LGBT Legal Cases Marriage equality Marriage Equality Trials

The opening brief in the Puerto Rico marriage case has been filed in the First Circuit Court of Appeals. The case was brought by Lambda Legal and private counsel.

The plaintiffs, same-sex couples, lost the case in federal district court when the judge dismissed it, citing Baker v. Nelson, the one-sentence summary dismissal of a marriage case by the Supreme Court in 1972.

You can read the opening brief, filed by the plaintiffs, here:

14-2184 Plaintiffs' Opening Brief by Equality Case Files

Thanks to Equality Case Files for these filings

58 Comments

  • 1. RobW303  |  January 27, 2015 at 10:30 am

    Has a further schedule for this case been set?

  • 2. davepCA  |  January 27, 2015 at 10:48 am

    That huge list of reference cases (nine pages!) right after the table of contents is looking pretty sweet. As well as the enormous footnote #2 starting on page 3.

    But it appears that page 18 is blank…..?

  • 3. Randolph_Finder  |  January 27, 2015 at 11:00 am

    Nope, Page 18 has "REASONS WHY ORAL ARGUMENT SHOULD BE HEARD" up at the top, and is only about 1/4 full…

  • 4. davepCA  |  January 27, 2015 at 11:13 am

    No, I was referring to the actual page numbering within the document (page 18 of the document is actually page 35 of 119 in the PDF numbering scheme). The entire page was blank earlier, and was definitely missing a big chunk of text, but it now appears fixed.

  • 5. guitaristbl  |  January 27, 2015 at 11:33 am

    I have totally forgotten about this cas recently.
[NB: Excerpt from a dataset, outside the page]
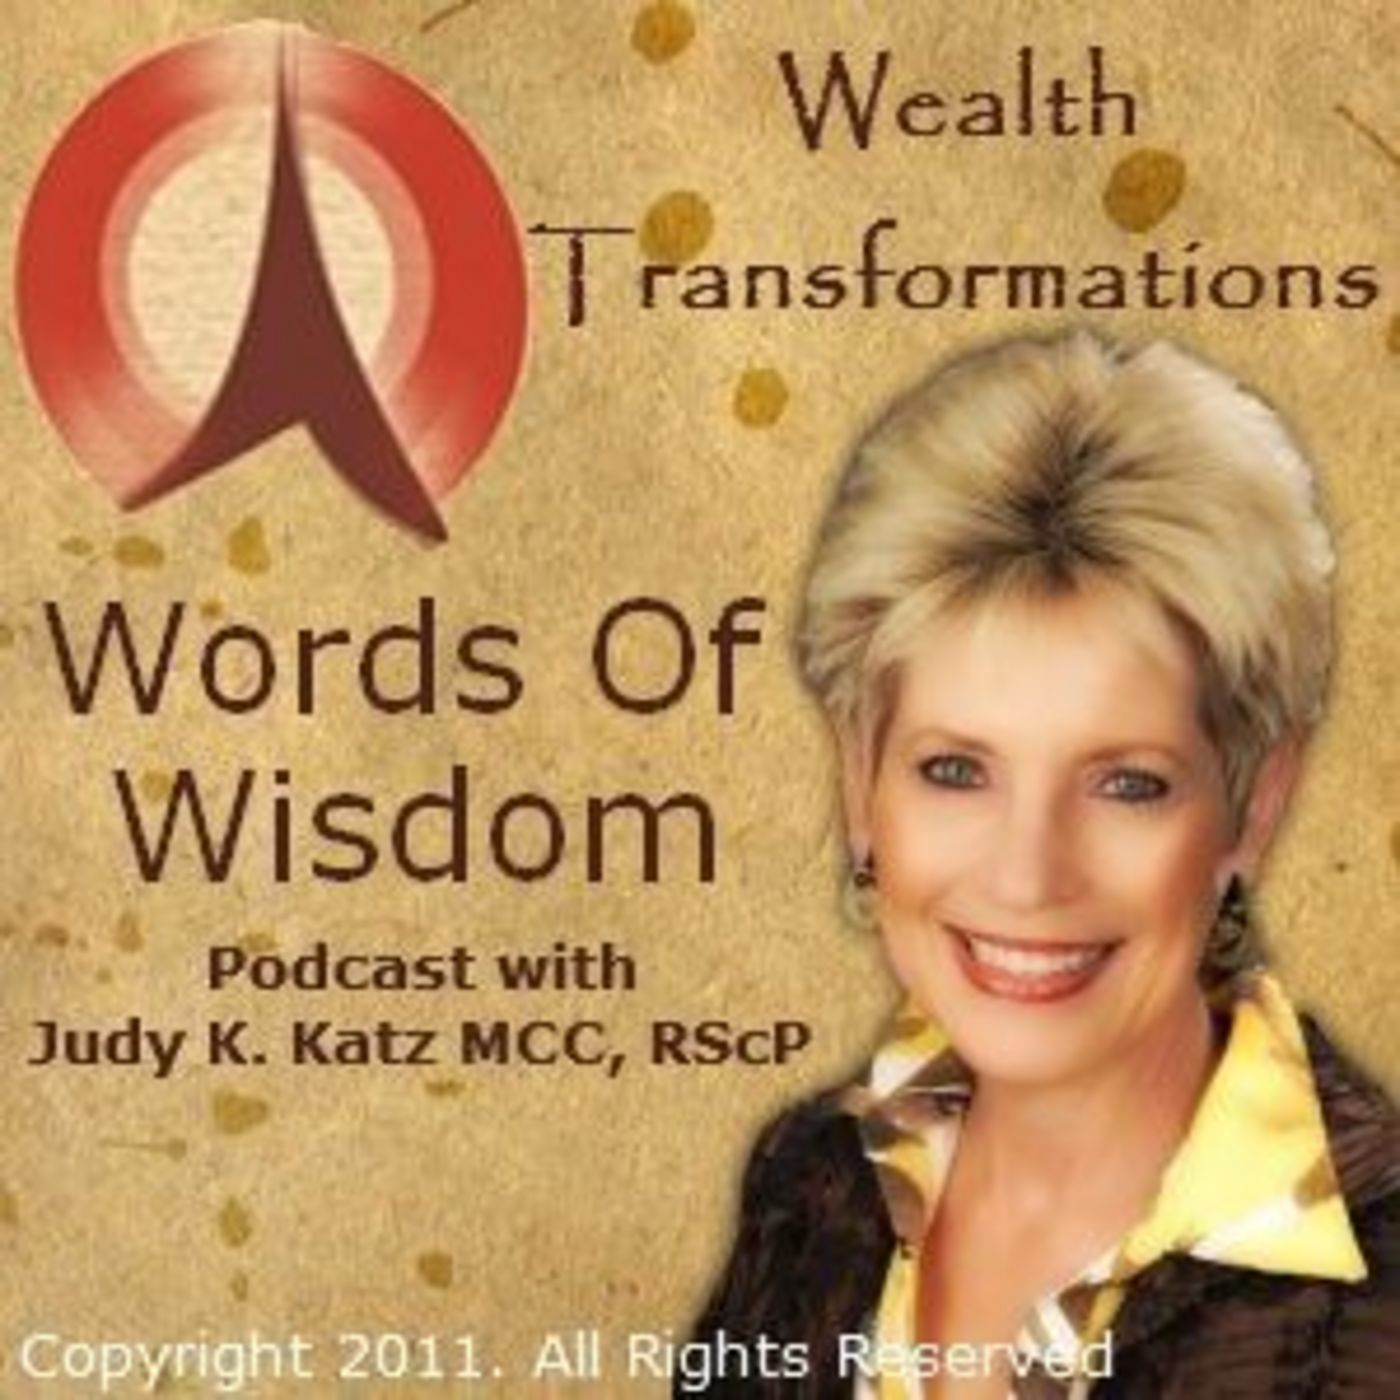 <![CDATA[Wealth Transformations Words of Wisdom Podcast]]>

The 1st circuit is moving at a snail's pace and this case stands no chance of even being heard before SCOTUS rules either way.

  • 6. Zack12  |  January 27, 2015 at 12:44 pm

    If it was going to be heard, our side pretty much has this one in the bag as long as we get two Democrats which is likely given the 4-2 makeup of the court.

  • 7. RnL2008  |  January 27, 2015 at 1:17 pm

    Okay, sorry to be off-topic on such a great day, but here is Ben Carson thinking his joke is funny and it's not: http://instinctmagazine.com/post/gop-presidential

  • 8. Sagesse  |  January 27, 2015 at 1:22 pm

    I'm speechless… the LDS church carefully redefines the word 'balance'.

    In major move, Mormon leaders call for statewide LGBT protections [Salt Lake Tribune]
    http://www.sltrib.com/lifestyle/faith/2106982-155

  • 9. franklinsewell  |  January 27, 2015 at 1:22 pm

    From Equality Case Files: Arkansas defendants in federal case have not paid their docketing fees – https://www.scribd.com/doc/253804499/15-1022-Show

  • 10. franklinsewell  |  January 27, 2015 at 1:29 pm

    Also in Arkansas, and also from Equality Case Files – Appellees opposition to rehearing the casein the State Supreme Court: https://www.scribd.com/doc/253913912/CV-14-427-Op

  • 11. Rick55845  |  January 27, 2015 at 1:39 pm

    That was concise and well-written by the Appellees attorneys. Let's hope the Arkansas Supreme Court denies the State's motion for rehearing and issues a ruling by the original judges forthwith.

  • 12. RnL2008  |  January 27, 2015 at 2:31 pm

    What does that mean? Does it mean the State DIDN'T pay it's fees and if they don't their appeal will be dismissed?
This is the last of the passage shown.